Methods: Between 2009 and 2011, BioFoam(®) was used to fill a three-dimensional defect following liver resection in 14 patients. The operative results and postoperative course of these patients were compared to those of 14 matched controls who underwent liver resection but did not receive BioFoam(®).
Results: The two groups were similar in terms of demographics, indications for liver resection, type of surgical procedure, and type and duration of clamping.

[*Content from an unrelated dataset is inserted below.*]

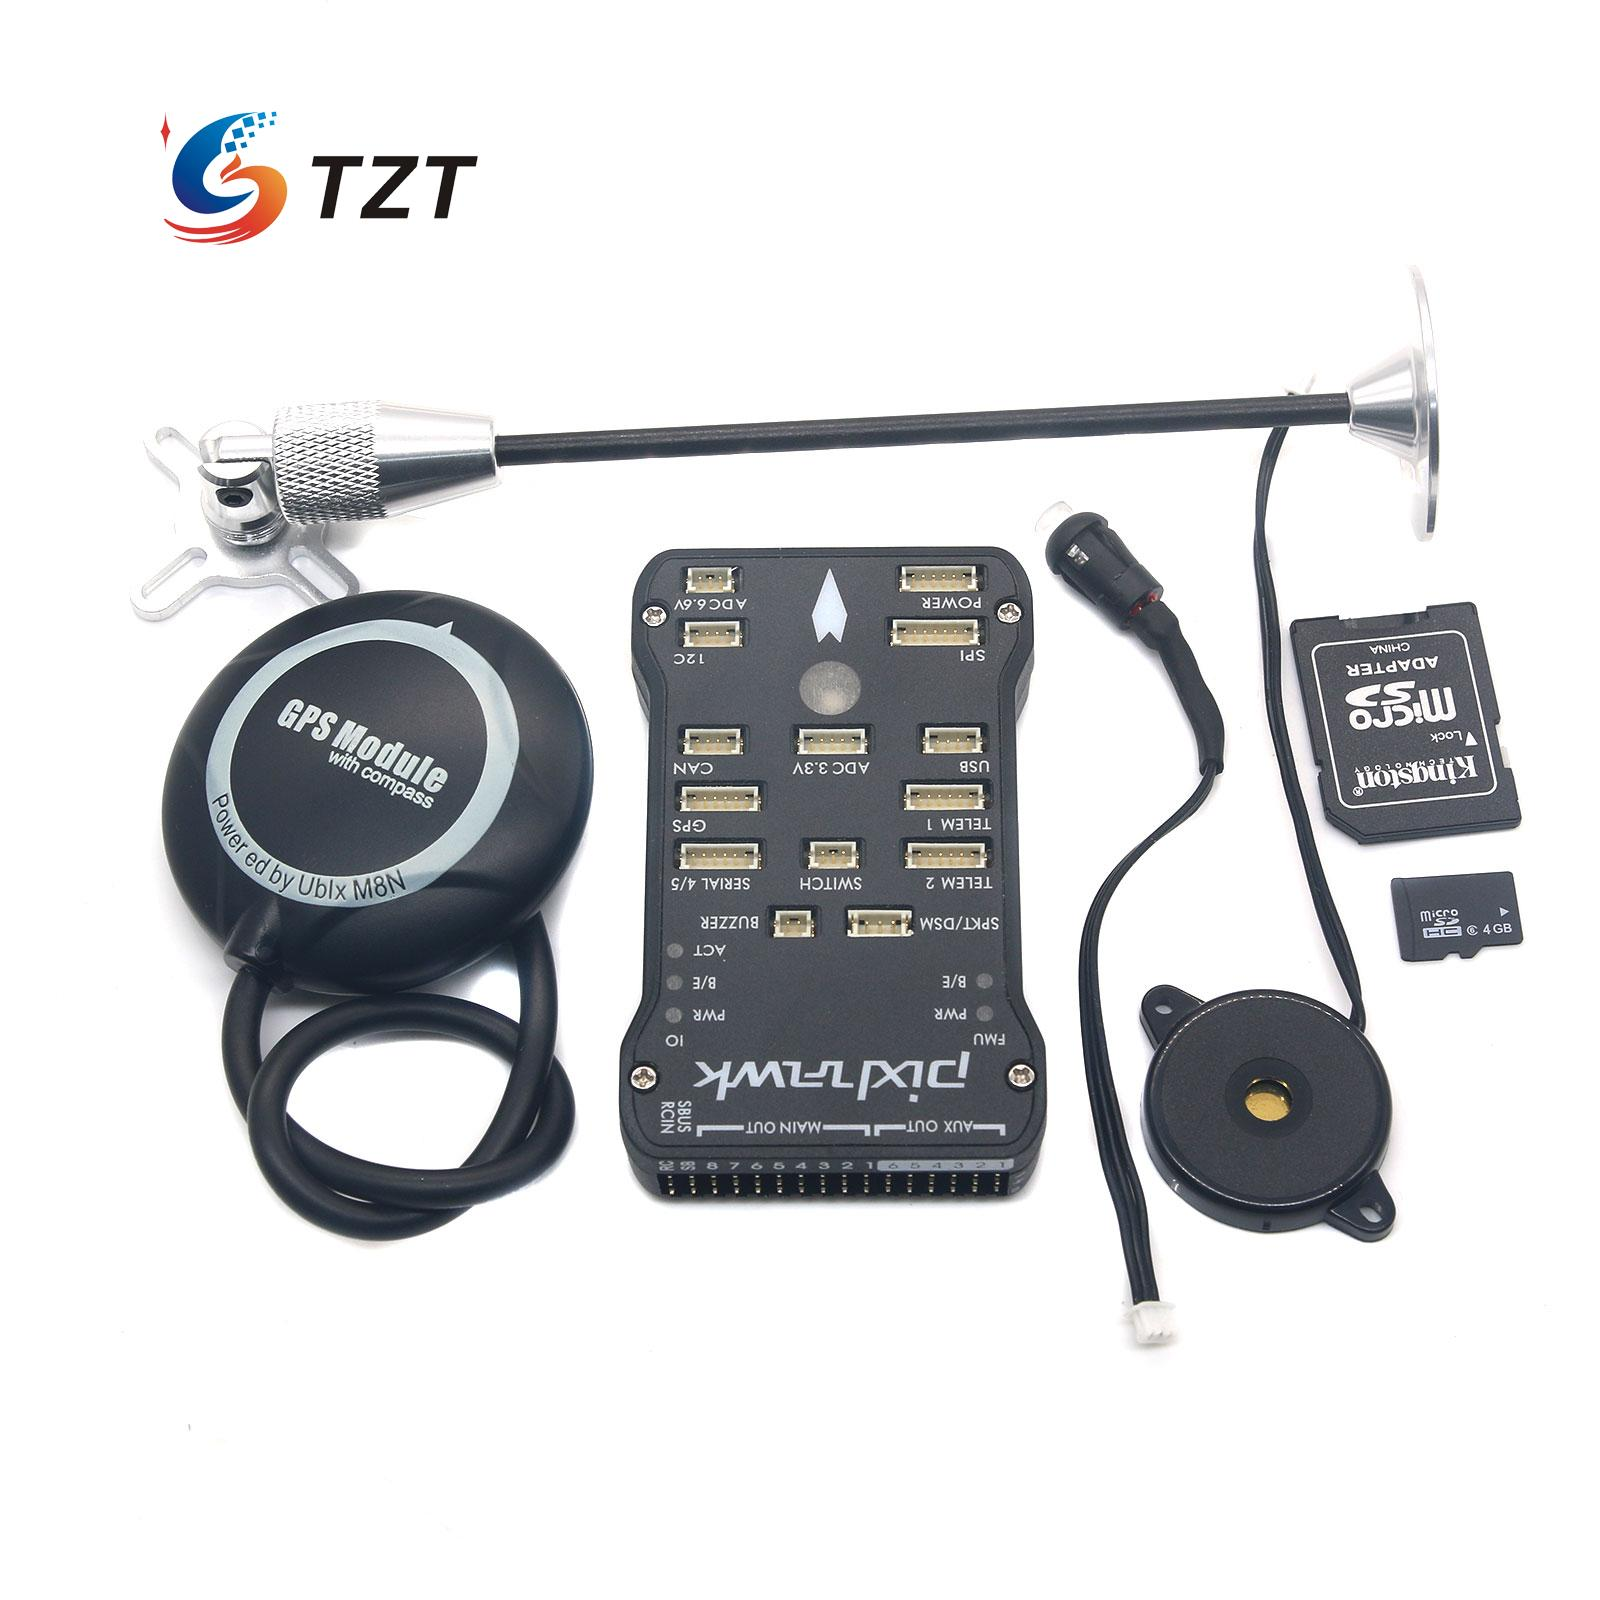 TZTPIX Pixhawk Fligtht Controller 32Bit + M8N GPA +SD 4G Card + GPS Bracket for FPV Quadopter Drone pixhawk flight control px4 2 4 8 new 32 bit m8n gps kit for uav multi axis fixed wing drone f22159

BioFoam(®) patients experienced significantly less operative blood loss (275 vs. 630 ml, p = 0.032) but similar operative transfusion rates (28.6 vs. 35.7 %, p = 0.686) compared to no-BioFoam(®) patients. The postoperative mortality was nil and no patient developed postoperative hemorrhage. While the two groups shared similar overall (64.3 vs. 57.1 %, p = 0.599) and major (28.6 vs. 14.3 %, p = 0.357) complications rates, BioFoam(®) patients experienced significantly higher major vascular thrombosis compared to no-BioFoam(®) patients (29 vs. 0 %, p = 0.04). In the BioFoam(®) group, major vascular thrombosis was associated with exposure of the vessel along the transection plane.
Conclusion: While the clinical benefit of BioFoam(®) in high-risk liver resections leaving a deep parenchymal defect remains to be proven, the associated risk of vascular thrombosis should preclude its use in contact with major veins.